/deep-learn-tutorial

Primary LanguageJupyter NotebookMIT LicenseMIT

Project generated with PyScaffold

deep-learn-tutorial

Quick tutorial on deep learning for Introduction to Data Science

Two notebooks showing simple deep learning models;

  1. Regression

  2. Image classification

Installation

Note: deep learning environments are large, if you want to speed up your conda commands, you can use [mamba]. See Installation steps 1-4 of this repo

In order to set up the necessary environment:

  1. Download the repository by clicking the big green [code] button on the github page, and downloading the ZIP archive.

Note: Repositories act as distributed backups and make collaboration on programming projects more efficient, so learning to use git and github together is really useful in research.

  1. Unzip the archive to an easy-to-locate place

  2. Open the anaconda prompt

  3. Print your current directory to see where the prompt starts

    pwd
    
  4. Change the directory to your easy-to-locate-place

    cd easy-to-locate-place
    
  5. create a local environment stored in .env with the help of conda:

    conda config --set channel_priority strict
    
    conda env create -f environment.lock.yml -p ./.env
    

    Note: the following command assumes you left channel_priority as its default

    conda config --set channel_priority flexible
    
  6. activate the new environment with:

    conda activate ./.env
    
  7. run jupyter lab

    jupyter lab
    

Then take a look in the notebooks folders.

Dependency Management & Reproducibility

Note: I left this here for students to see how to properly utilize conda, but it is not necessary for the tutorial.
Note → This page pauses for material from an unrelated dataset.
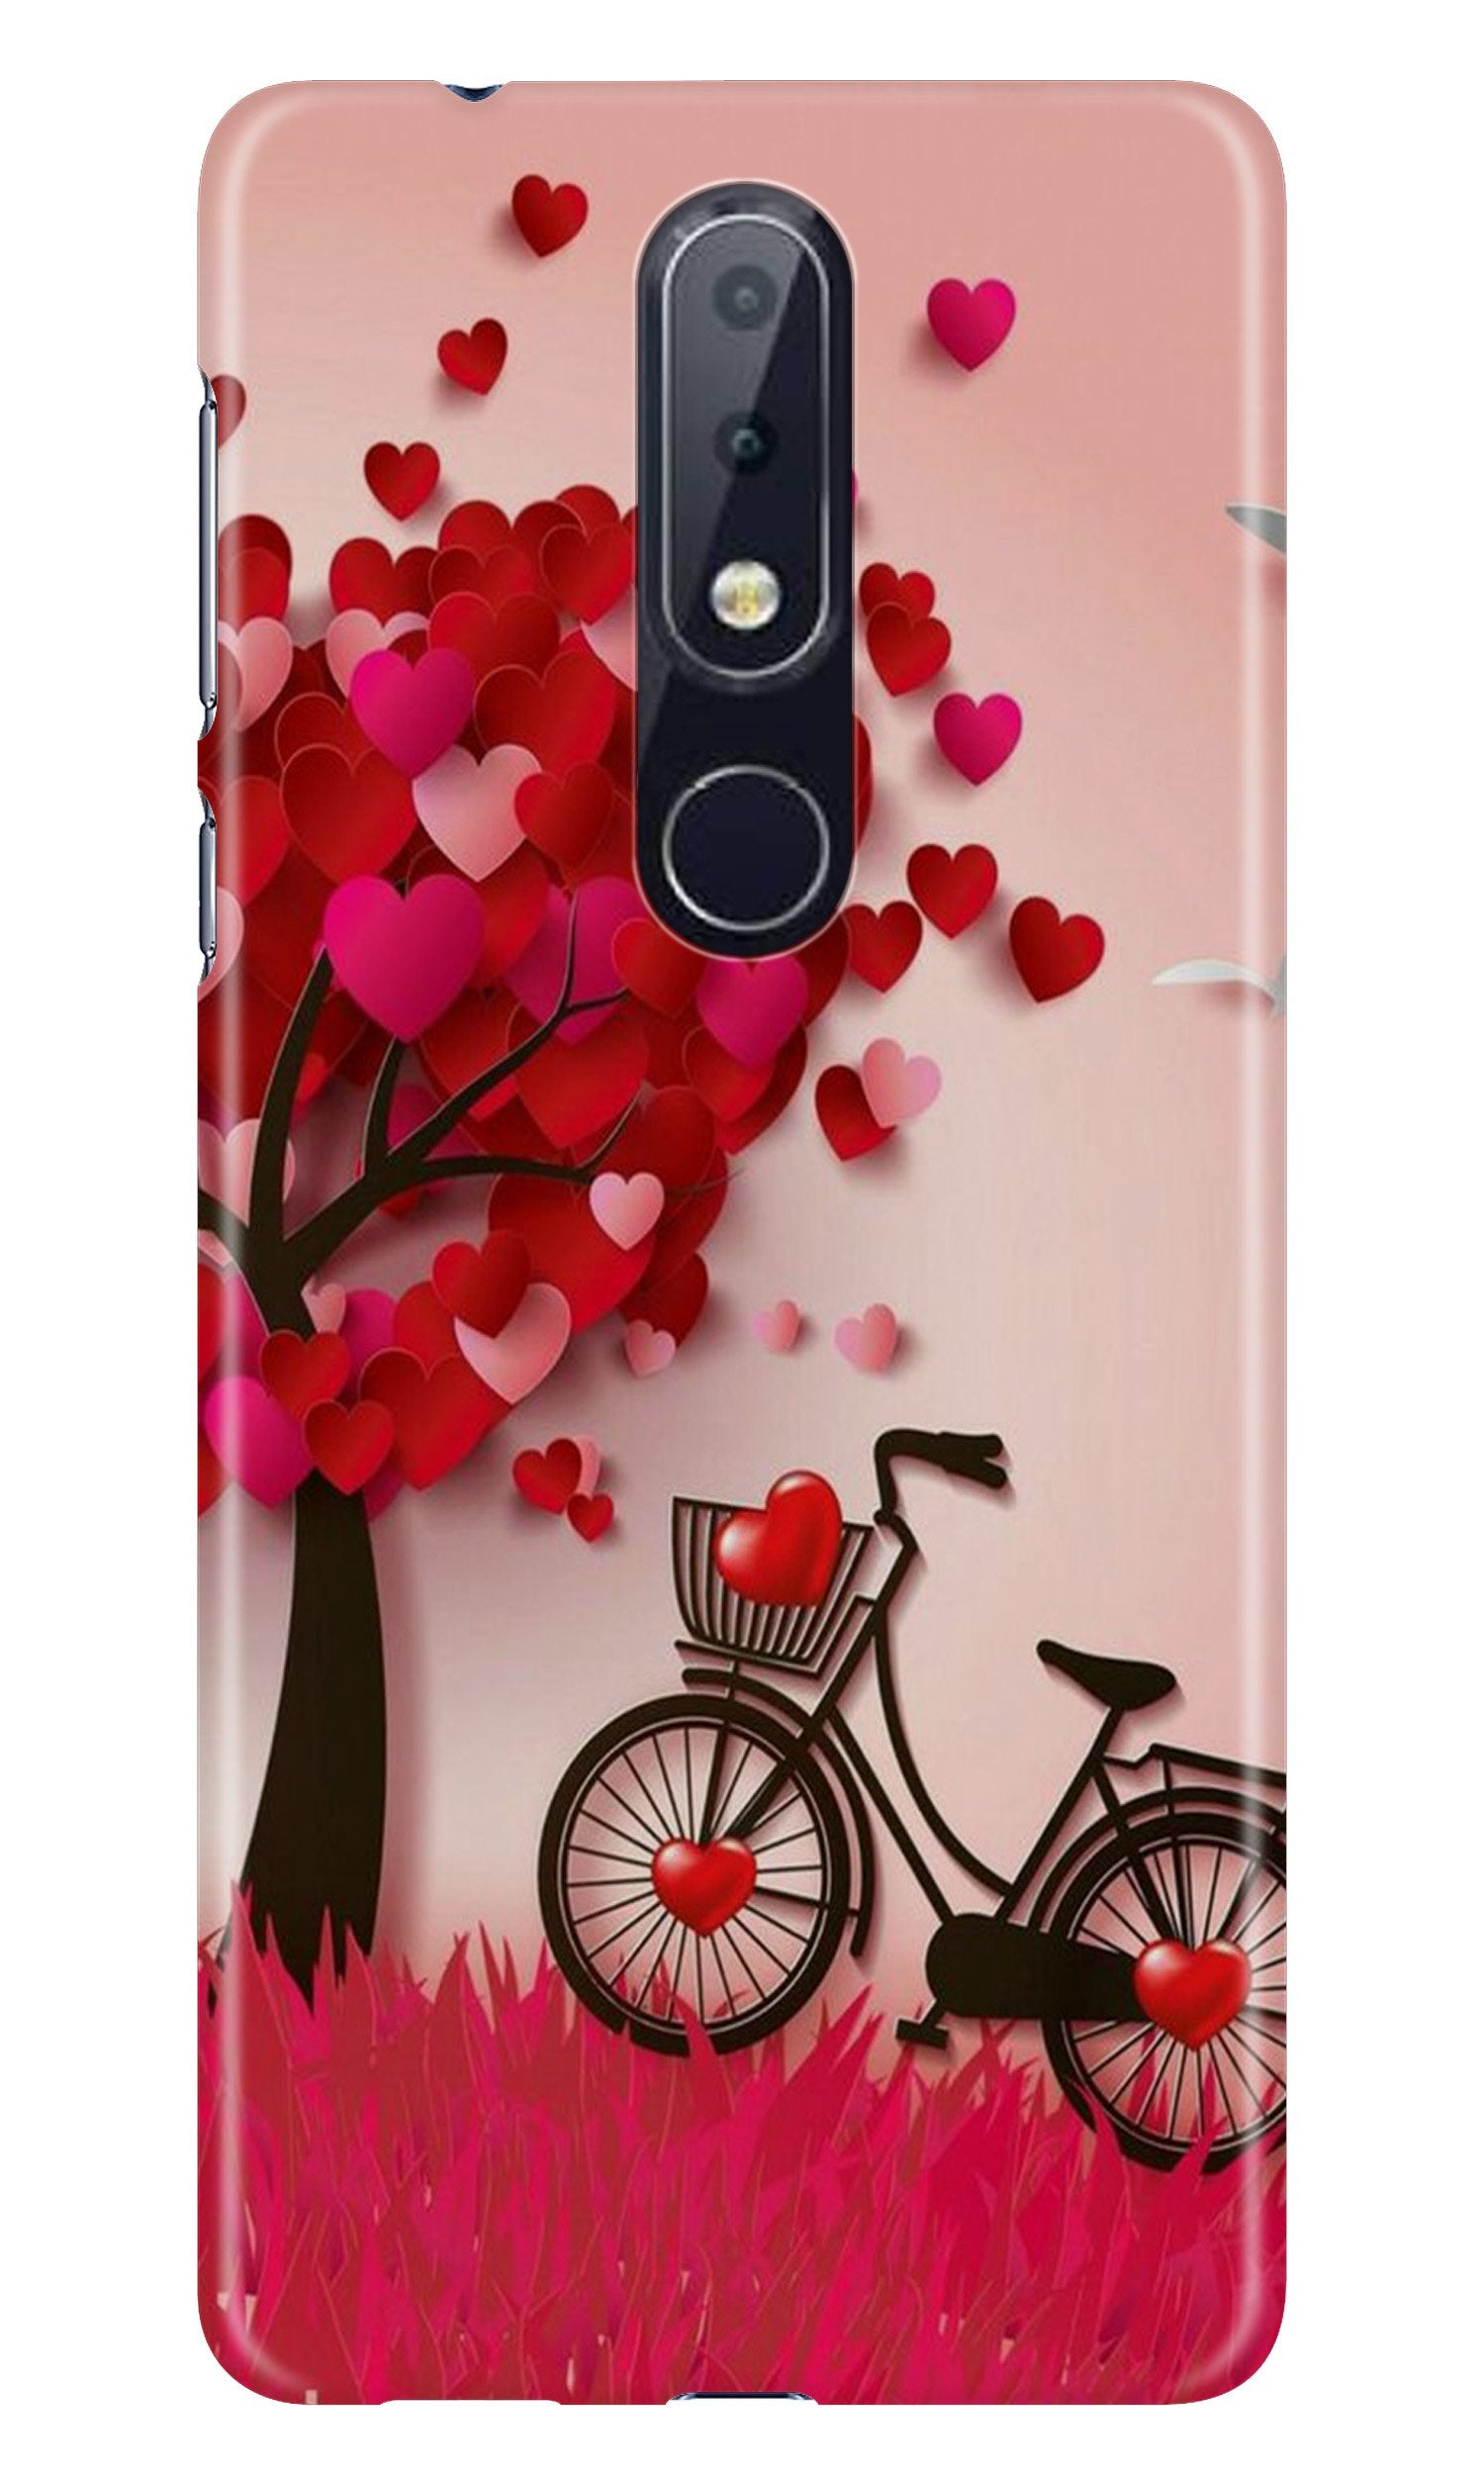 Red Heart Cycle Case for Nokia 6.1 Plus (Design No. 222)
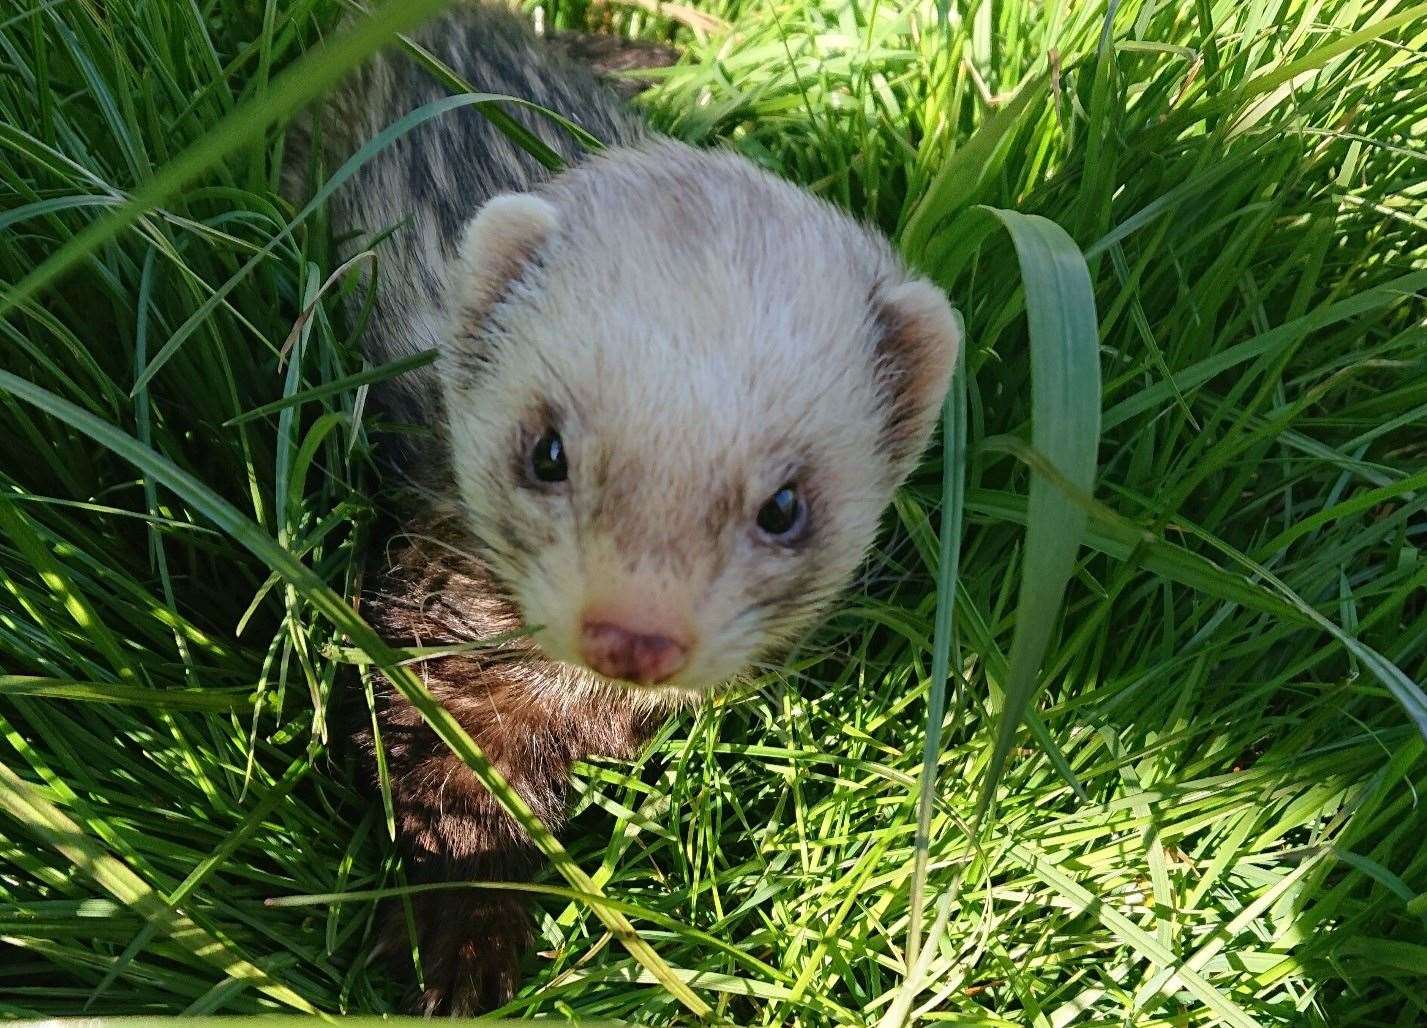 Have you seen - or been offered - the missing ferrets? Pictured is Boris

  1. Always keep your abstract (unpinned) dependencies updated in environment.yml and eventually in setup.cfg if you want to ship and install your package via pip later on.
  2. Create concrete dependencies as environment.lock.yml for the exact reproduction of your environment with:
    conda env export -p ./.env -f environment.lock.yml
    For multi-OS development, consider using --no-builds during the export.
  3. Update your current environment with respect to a new environment.lock.yml using:
    conda env update -p ./.env -f environment.lock.yml --prune

Project Organization

├── LICENSE.txt             <- License as chosen on the command-line.
├── README.md               <- The top-level README for developers.
├── configs                 <- Directory for configurations of model & application.
├── data
│   ├── external            <- Data from third party sources.
│   ├── interim             <- Intermediate data that has been transformed.
│   ├── processed           <- The final, canonical data sets for modeling.
│   └── raw                 <- The original, immutable data dump.
├── environment.yml         <- The conda environment file for reproducibility.
├── environment.lock.yml    <- The _pinned_ conda environment file for emergencies.
├── models                  <- Trained and serialized models, model predictions,
│                              or model summaries.
├── notebooks               <- Jupyter notebooks. Naming convention is a number (for
│                              ordering), the creator's initials and a description,
│                              e.g. `1.0-fw-initial-data-exploration`.
├── pyproject.toml          <- Build configuration. Don't change! Use `pip install -e .`
│                              to install for development.
├── references              <- Data dictionaries, manuals, and all other materials.
├── reports                 <- Generated analysis as HTML, PDF, LaTeX, etc.
│   └── figures             <- Generated plots and figures for reports.
├── setup.cfg               <- Declarative configuration of your project.
└── src
    └── deep_learn_tutorial <- Actual Python package where the main functionality goes.

Note

This project has been set up using PyScaffold 4.5 and the dsproject extension 0.7.2.